With the pictures omitted, output word for word the lines from the one containing "MEPAL CIRQULA rectangular" through the end of the records.

Records shown below:

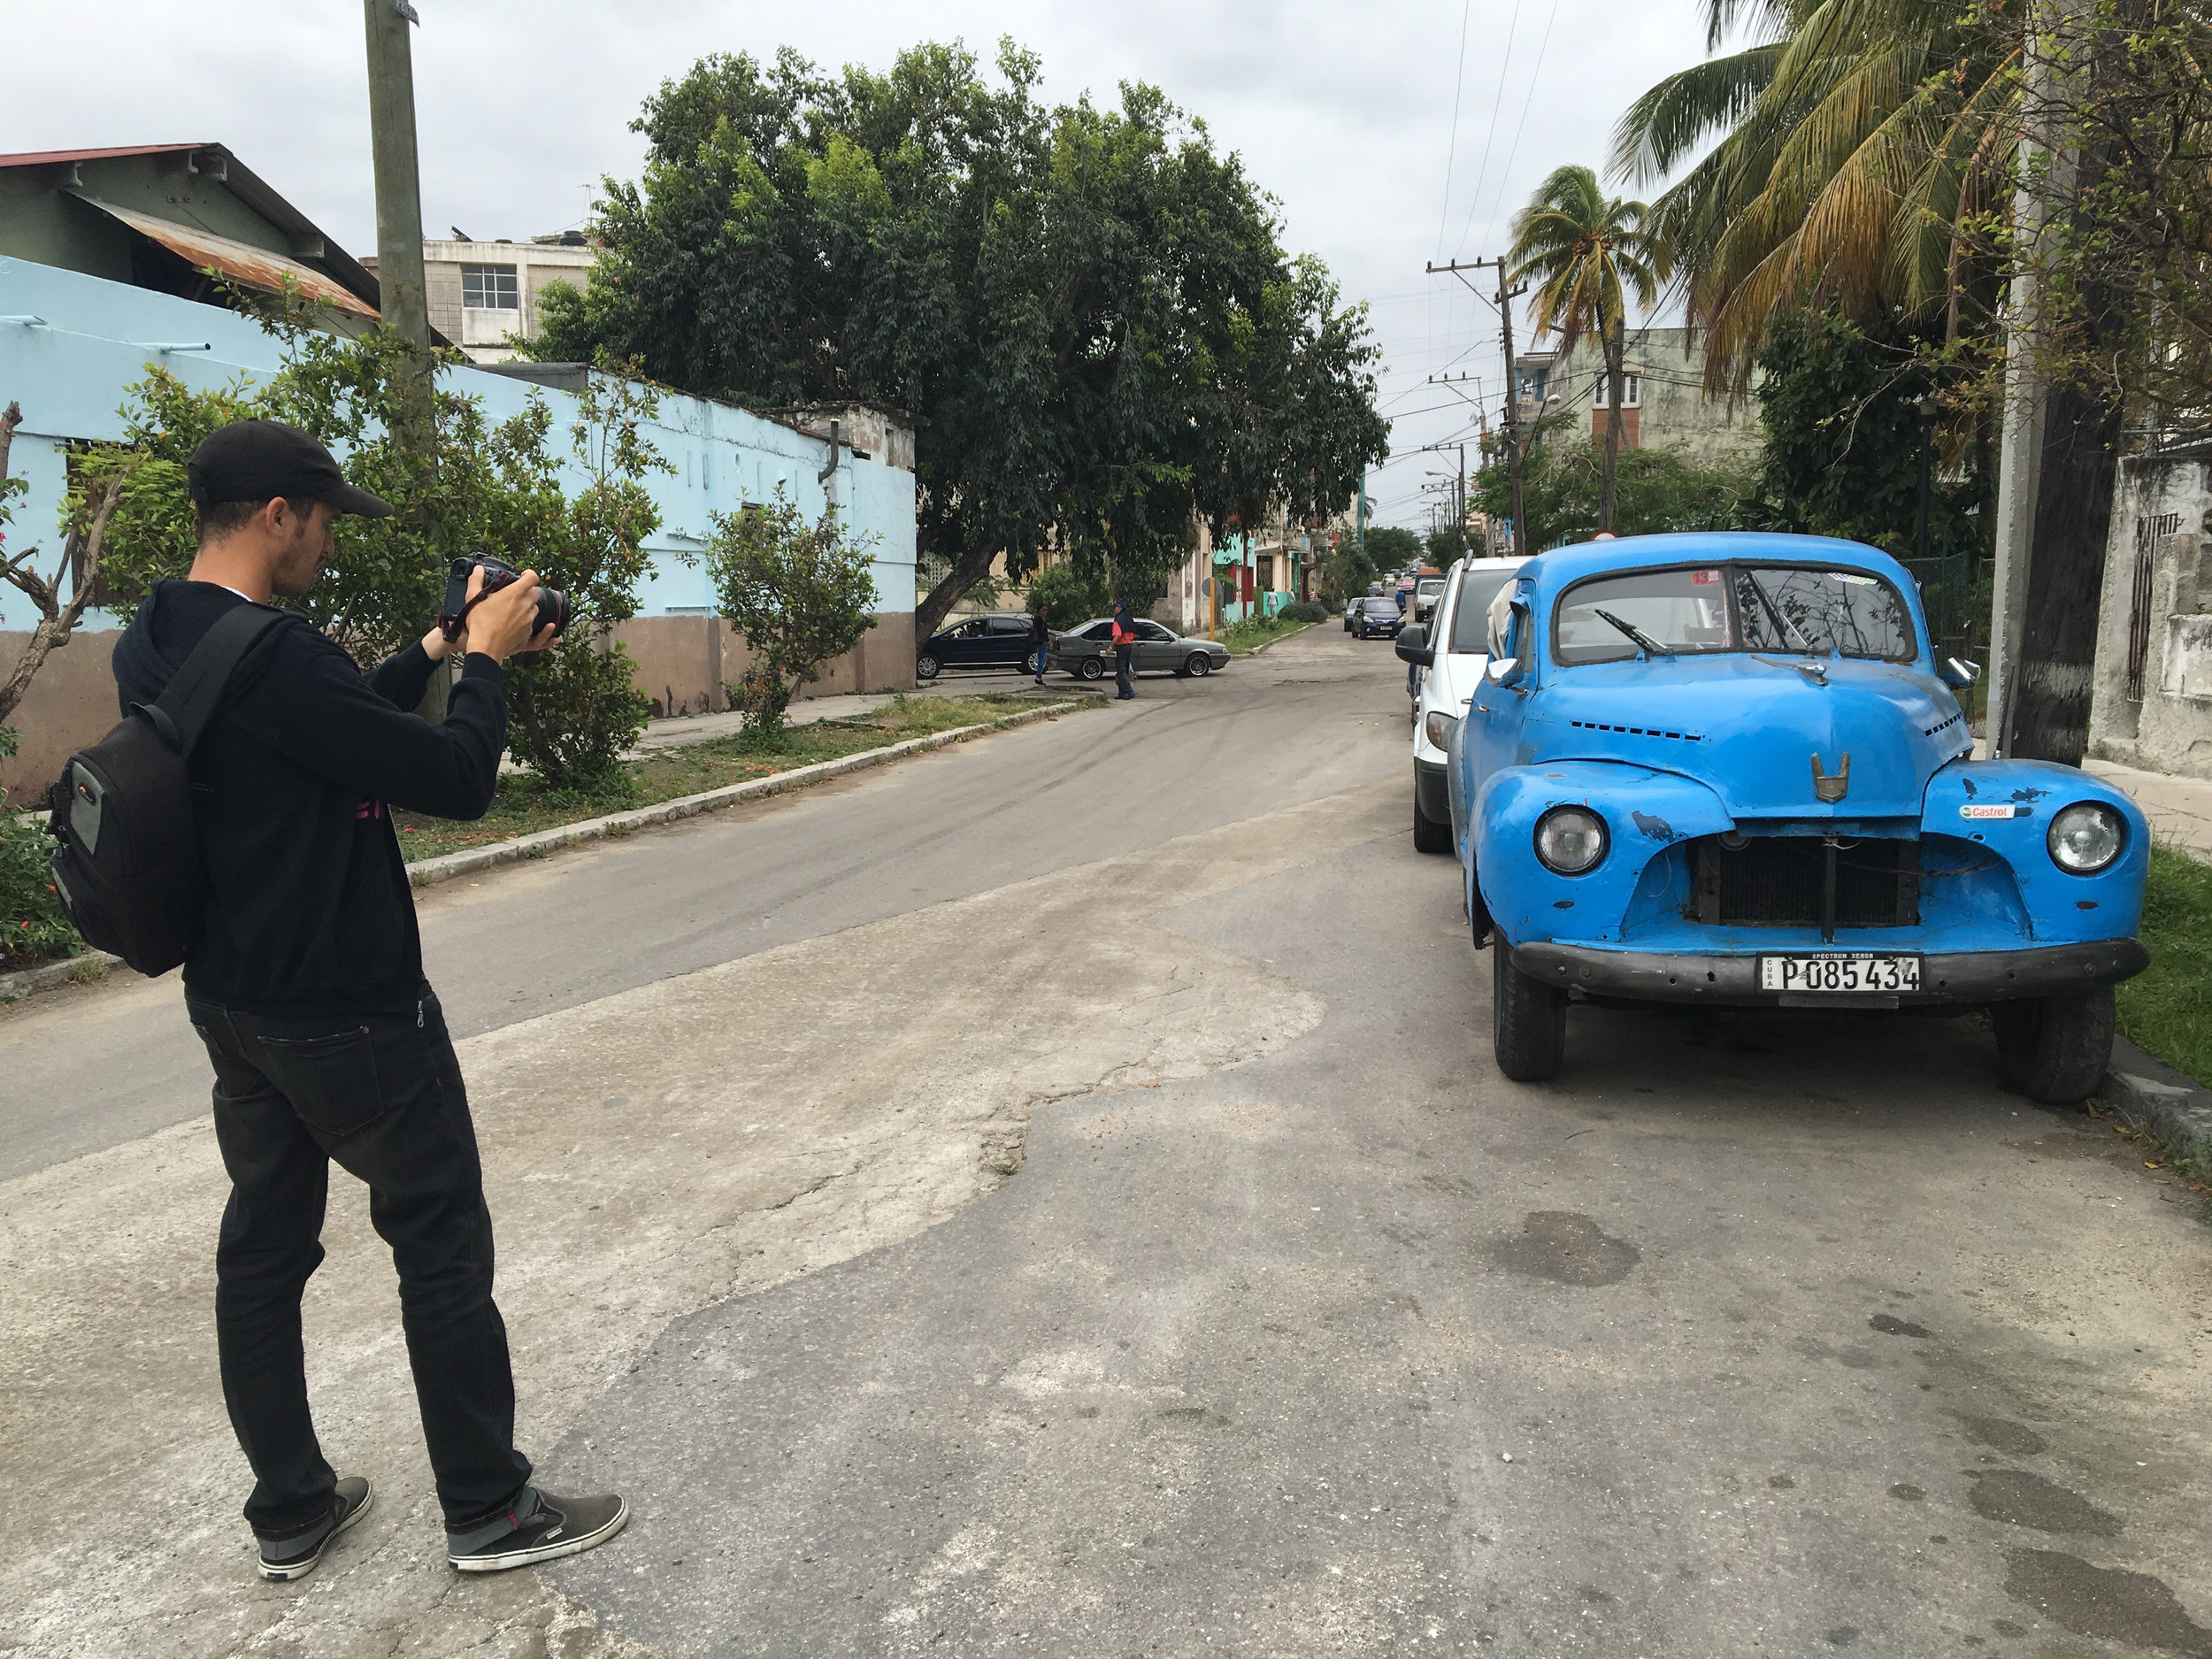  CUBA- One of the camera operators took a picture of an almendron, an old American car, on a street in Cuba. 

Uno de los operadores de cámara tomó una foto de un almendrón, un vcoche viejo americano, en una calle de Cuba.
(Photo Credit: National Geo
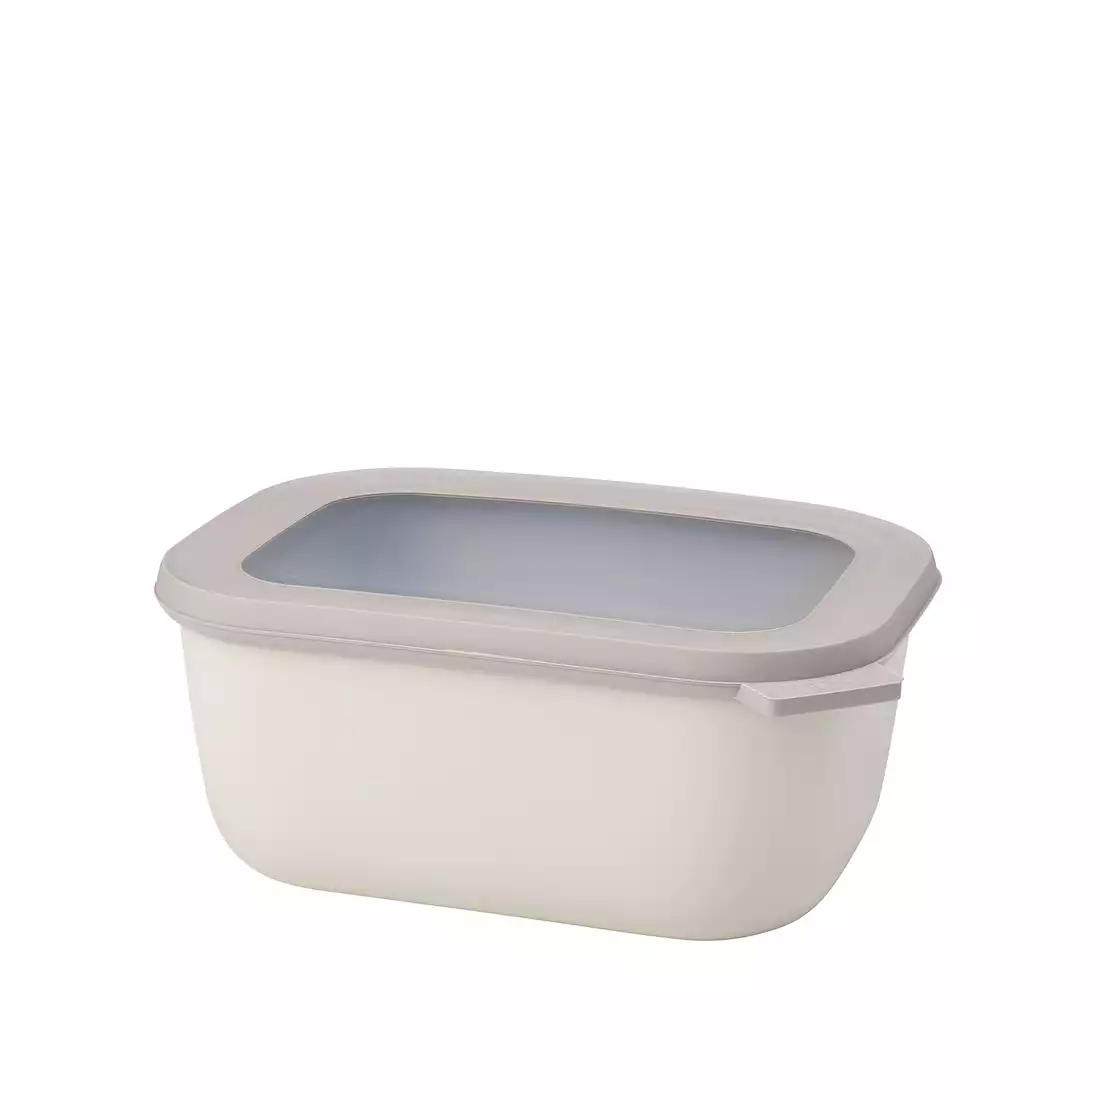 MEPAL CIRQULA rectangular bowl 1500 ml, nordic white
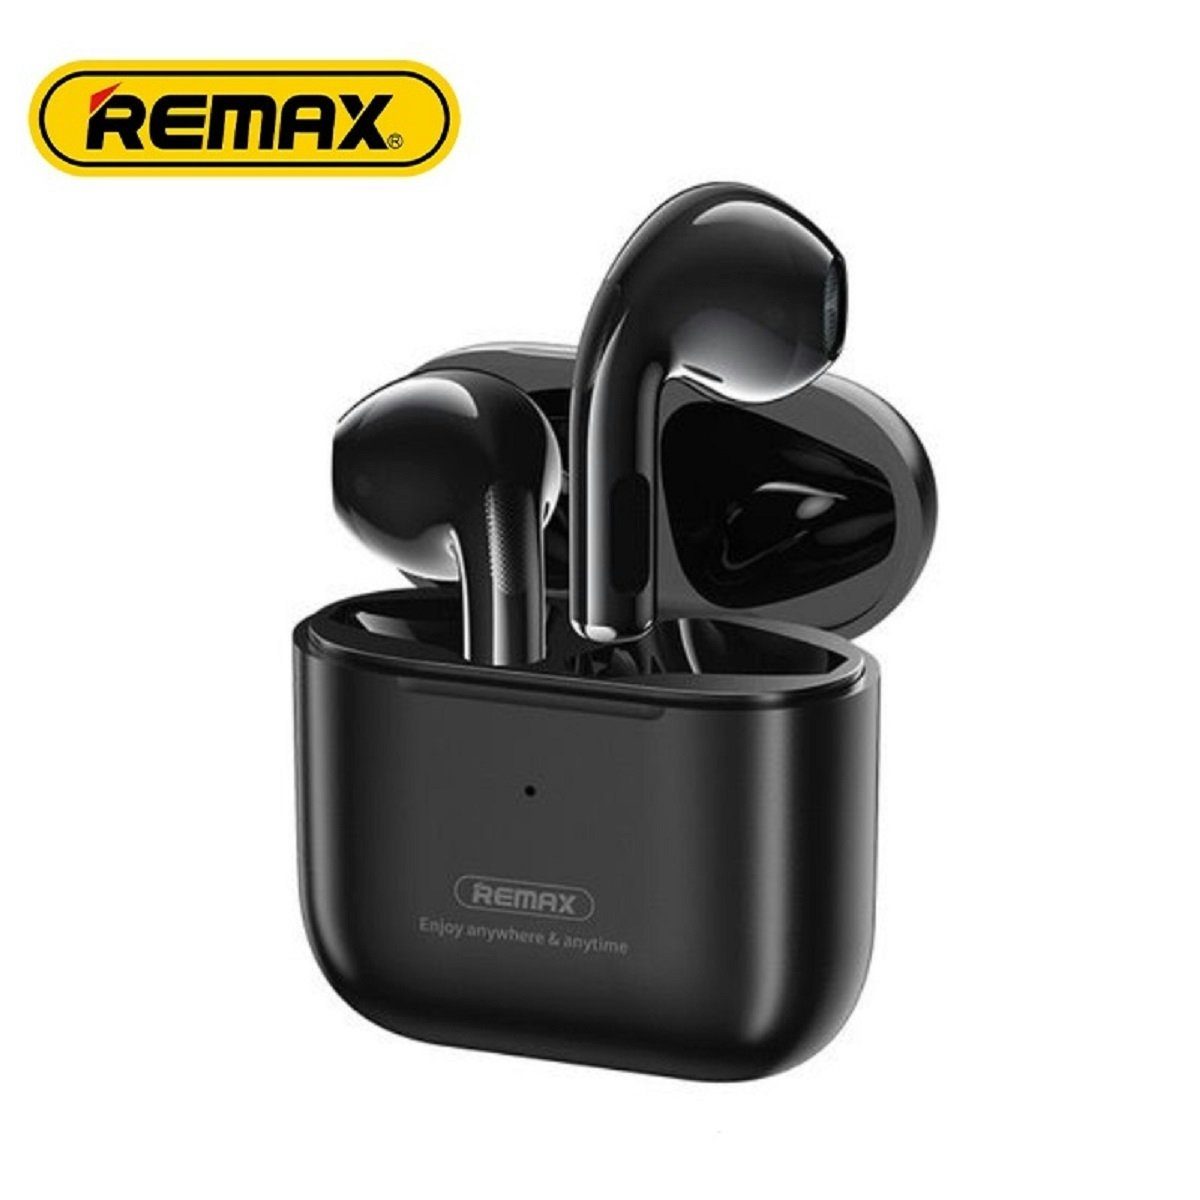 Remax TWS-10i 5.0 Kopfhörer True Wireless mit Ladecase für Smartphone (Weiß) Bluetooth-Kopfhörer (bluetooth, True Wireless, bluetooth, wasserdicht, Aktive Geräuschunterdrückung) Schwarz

End of Records shown.

> [Response area]:
 MEPAL CIRQULA rectangular bowl 1500 ml, nordic white
 Remax TWS-10i 5.0 Kopfhörer True Wireless mit Ladecase für Smartphone (Weiß) Bluetooth-Kopfhörer (bluetooth, True Wireless, bluetooth, wasserdicht, Aktive Geräuschunterdrückung) Schwarz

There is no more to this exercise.